The Canadian Dollar is an interesting currency to watch, and has been for some time now. Over the past few years, the Canadian economy has run into troubles, and unfortunately, it seems as though the hard times are not over. Today, we’ll talk about economic data that was released last week, why it sent the CAD tumbling, and what binary options traders should be watching for ahead.

Canada’s GDP Was Unchanged In February

As mentioned above, the CAD took a bit of a dive as we closed last week off, and it happened for good reason. Ultimately, economic data was released, leading to overwhelming concerns. In fact, in the month of February, the country generated a little more than $1.7 trillion in total GDP. So, that’s good right? Not really.

The truth is that this is the same amount of money that was generated as far as GDP goes in January. At the end of the day, the Gross Domestic Product of any country is the basis for economic strength or weakness. With GDP standing still, it screams economic weakness. At the end of the day, there’s only one area that did well, and that caused concerns as well.

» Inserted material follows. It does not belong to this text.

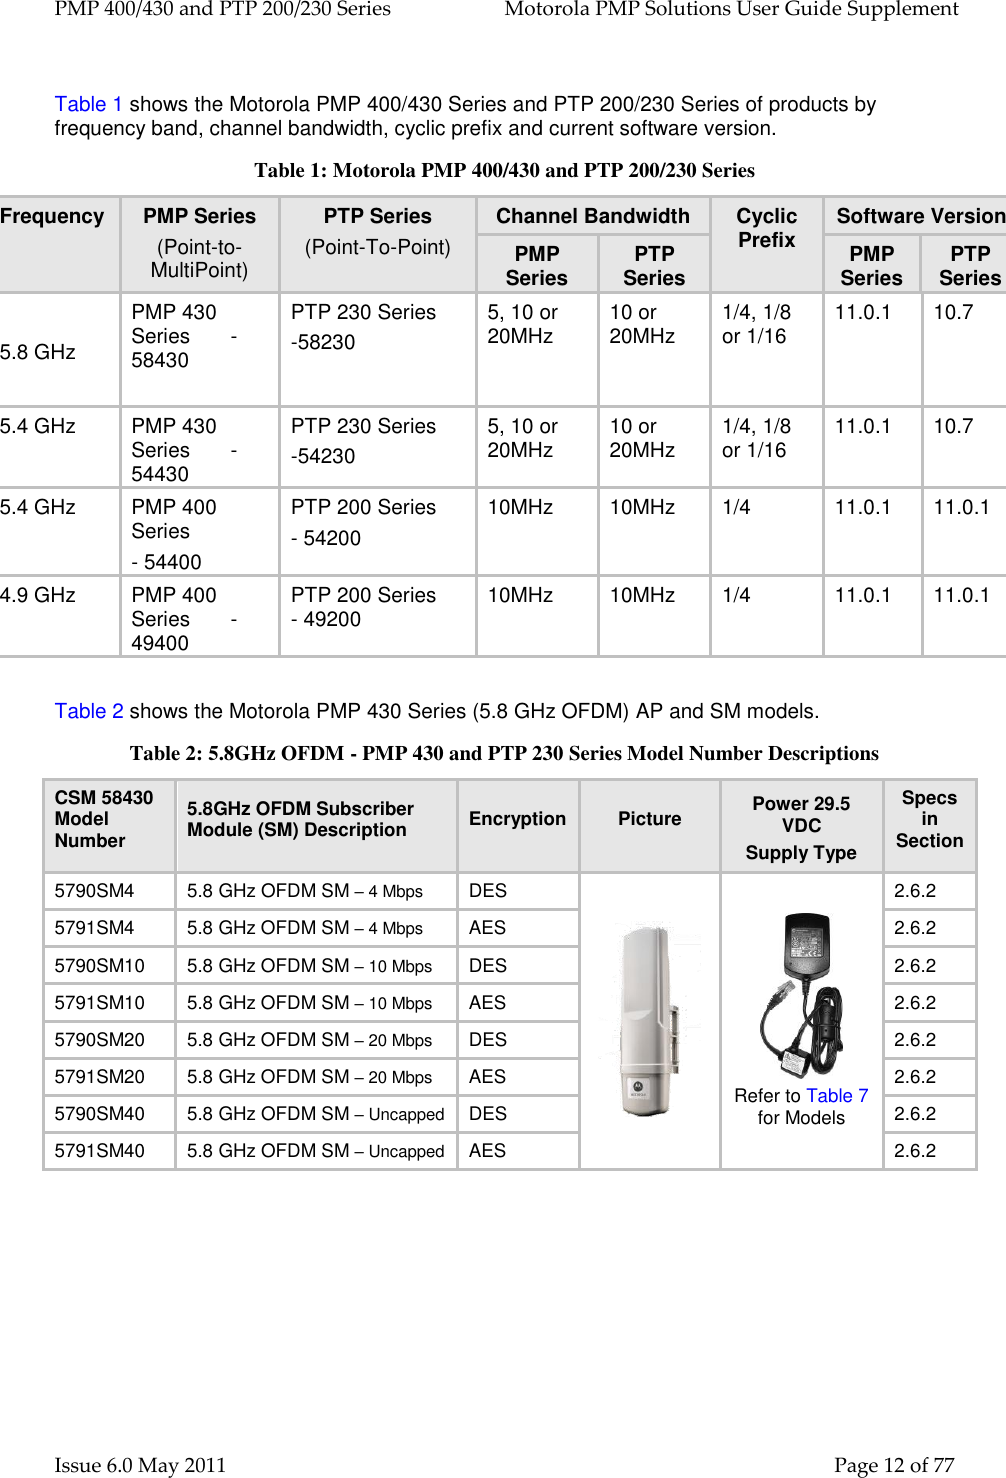 PMP 400/430 and PTP 200/230 Series   Motorola PMP Solutions User Guide Supplement Issue 6.0 May 2011    Page 12 of 77  Table 1 shows the Motorola PMP 400/430 Series and PTP 200/230 Series of products by frequency band, channel bandwidth, cyclic prefix and current software version. Table 1: Motorola PMP 400/430 and PTP 200/230 Series Frequency PMP Series  (Point-to-MultiPoint)     PTP Series  (Point-To-Point)  Channel Bandwidth Cyclic Prefix Software Version PMP Series PTP Series PMP Series PTP Series 5.8 GHz PMP 430 Series       - 58430 PTP 230 Series -58230 5, 10 or 20MHz 10 or 20MHz 1/4, 1/8 or 1/16 11.0.1 10.7 5.4 GHz PMP 430 Series       - 54430 PTP 230 Series -54230 5, 10 or 20MHz 10 or 20MHz 1/4, 1/8 or 1/16 11.0.1 10.7 5.4 GHz PMP 400 Series - 54400 PTP 200 Series - 54200 10MHz 10MHz 1/4 11.0.1 11.0.1 4.9 GHz PMP 400 Series       - 49400 PTP 200 Series     - 49200 10MHz 10MHz 1/4 11.0.1 11.0.1  Table 2 shows the Motorola PMP 430 Series (5.8 GHz OFDM) AP and SM models. Table 2: 5.8GHz OFDM - PMP 430 and PTP 230 Series Model Number Descriptions CSM 58430 Model Number 5.8GHz OFDM Subscriber Module (SM) Description Encryption Picture Power 29.5 VDC Supply Type Specs in Section 5790SM4 5.8 GHz OFDM SM – 4 Mbps DES   Refer to Table 7 for Models 2.6.2 5791SM4 5.8 GHz OFDM SM – 4 Mbps AES 2.6.2 5790SM10 5.8 GHz OFDM SM – 10 Mbps DES 2.6.2 5791SM10 5.8 GHz OFDM SM – 10 Mbps AES 2.6.2 5790SM20 5.8 GHz OFDM SM – 20 Mbps DES 2.6.2 5791SM20 5.8 GHz OFDM SM – 20 Mbps AES 2.6.2 5790SM40 5.8 GHz OFDM SM – Uncapped DES 2.6.2 5791SM40 5.8 GHz OFDM SM – Uncapped AES 2.6.2

Canada is going through a housing boom, and if it wasn’t for this housing boom, the country’s GDP would have gone backward instead of forward. That’s a major concern. At the end of the day, we’ve all seen what bubbles in real estate can become. Nonetheless, housing was a the driving factor behind the little economic strength Canada showed, helping to lift the finance and insurance, real estate, rental, leasing, and construction sectors, and keeping Canadian GDP out of negative territory.

Why This Had Such A Profoundly Negative Effect On The CAD

As I’ve said time and time again, a currency can only be as strong as the economy it represents. As a result, the poor economic data that was released by Canada led to concerns with regard to the strength of the country’s currency, and ultimately sent it downward. However, in this case, things get a bit more detailed.